Posted by Bruce on Nov 28, 2011 in Featured | 1 comment
What should you do when your banker says no?
With the new normal in the banking world being that of a more narrowly defined range of the meaning of the term “bankable”, it seems that almost every week someone asks me where they should go when they get turned down by their bank. The good news is that there are other options.
My first piece of advice, though, is to determine why the bank said no. Ask the banker to spend some time helping you understand why your need didn’t match with the bank’s needs – banks don’t make money by saying no, so there has to be a fundamental difference that can be explained. It could be that the business’s cash flow doesn’t appear to be sufficient to repay the debt over the life of the credit terms; that the collateral is not adequate from a valuation or liquidity or market sector point of view; that there doesn’t appear to be reasonable tertiary repayment resources (usually evidenced by guarantors or other collateral); the business, its management team and the vision for the company doesn’t resonate with the bank and its business model; or a myriad of other possibilities. The point is to ask the question and to understand why the answer, right now, is no.
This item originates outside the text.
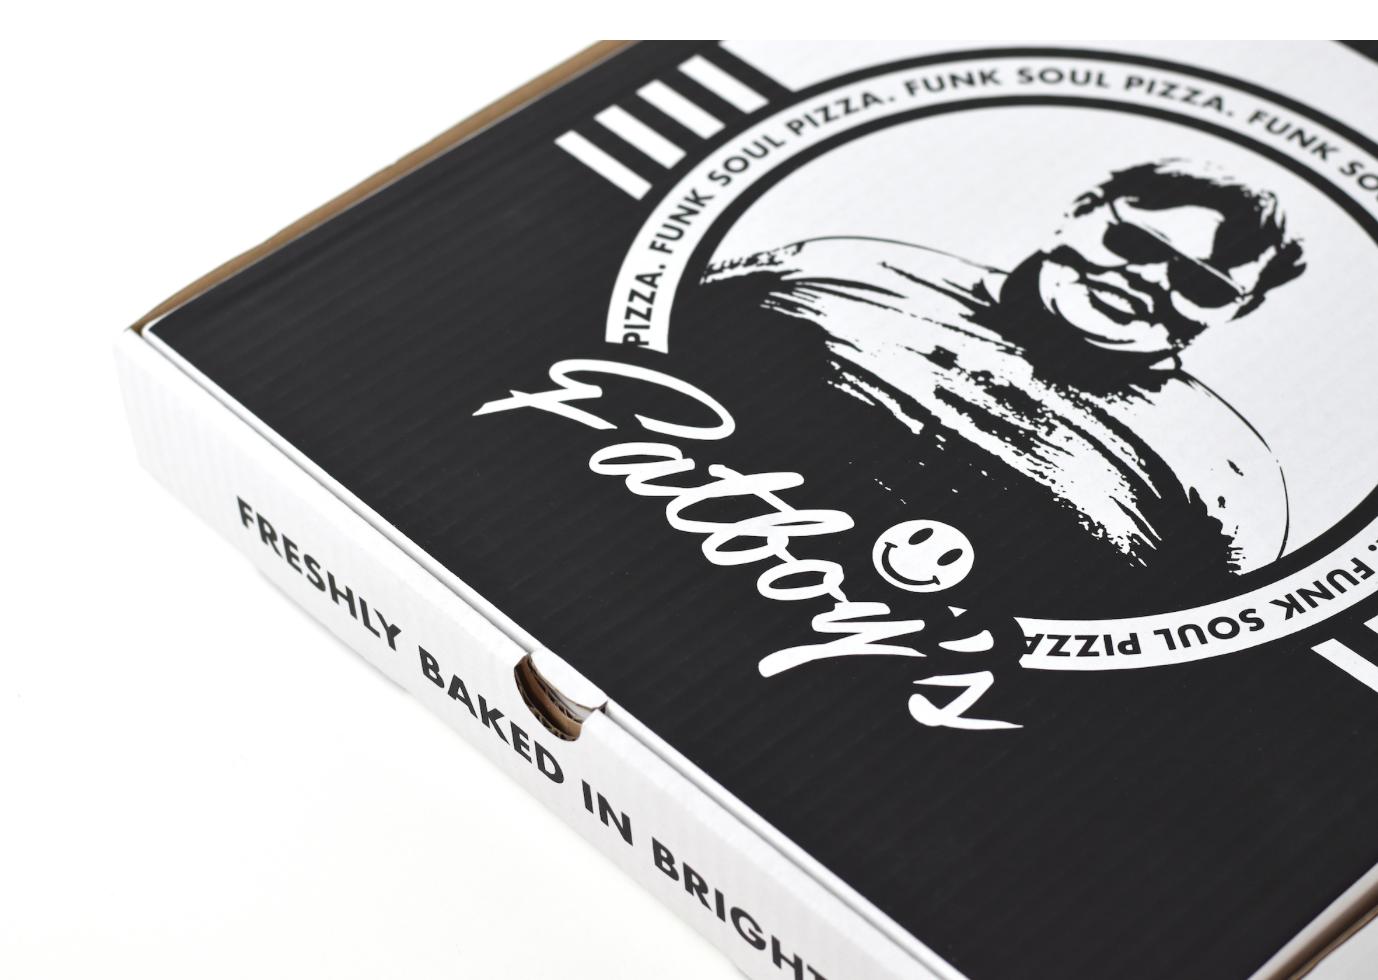 Fatboy Slim special edition branding

Once you know why the answer was no you can begin to work on getting to yes at some future point.
Just a few days ago I spent time with two entrepreneurs who have a decades old manufacturing company. The economy has caused the business plenty of challenges, and sales aren’t what they used to be, but the pair have made some hard decisions about expenses and they have some interesting new products that are expected to lead to a much rosier 2012.
Their immediate challenge is that they have no line of credit for working capital. In years past, company leadership decided that having a revolving line would be an unnecessary distraction and expense.
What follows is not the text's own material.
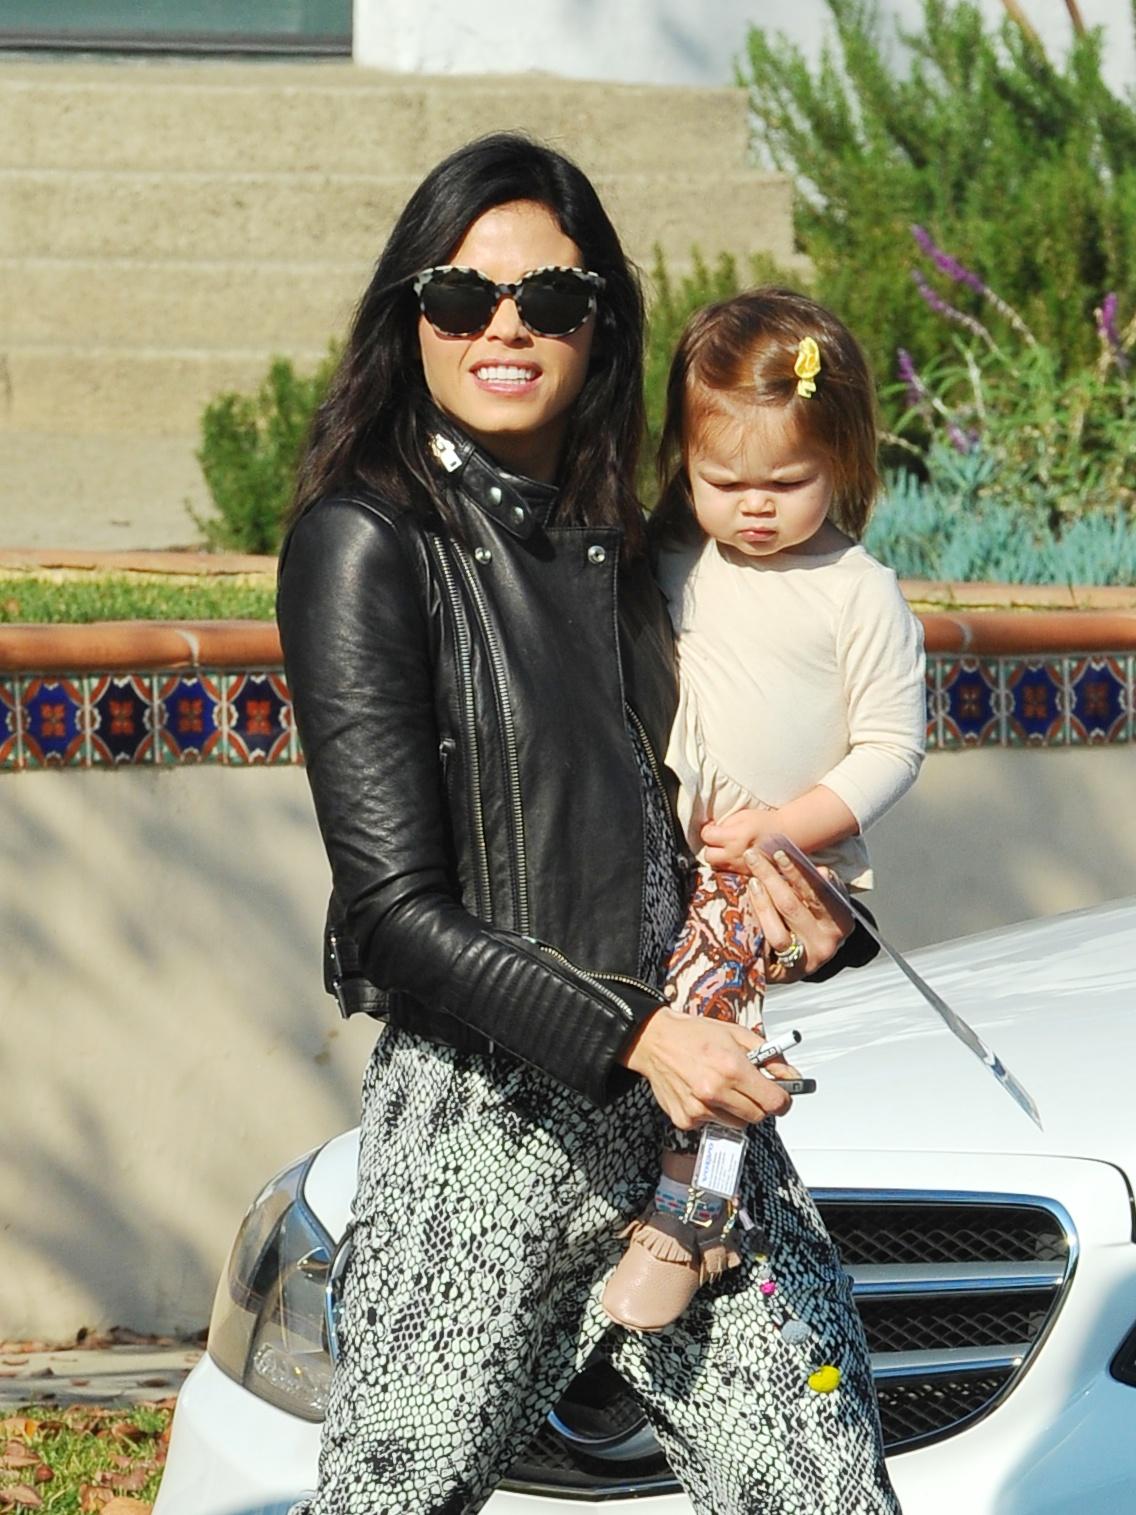 Jenna Dewan Tatum Takes Daughter Everly To A Playdate

Now, with the business having some operational challenges and a time gap to bridge toward better results, a bank solution is not likely to be approved. As a consequence, we talked about their next steps: working first with their business banker (with whom they have term debt for real estate as well as deposit accounts) to determine whether their circumstances and long tenure would result in approval for a bank solution, while at the same time running a parallel course of conversations with local independent factoring firms that will almost assuredly be able to offer a solution, albeit with terms (mainly pricing and monitoring) that will be more onerous than a traditional bank solution.
The company is still vetting its options, but at least one of the factors has made a proposal, so more peaceful sleep should soon become feasible for the entrepreneurs. Meanwhile, I have set a course of expectations with the company about the performance metrics that will likely be required to become “bankable” again.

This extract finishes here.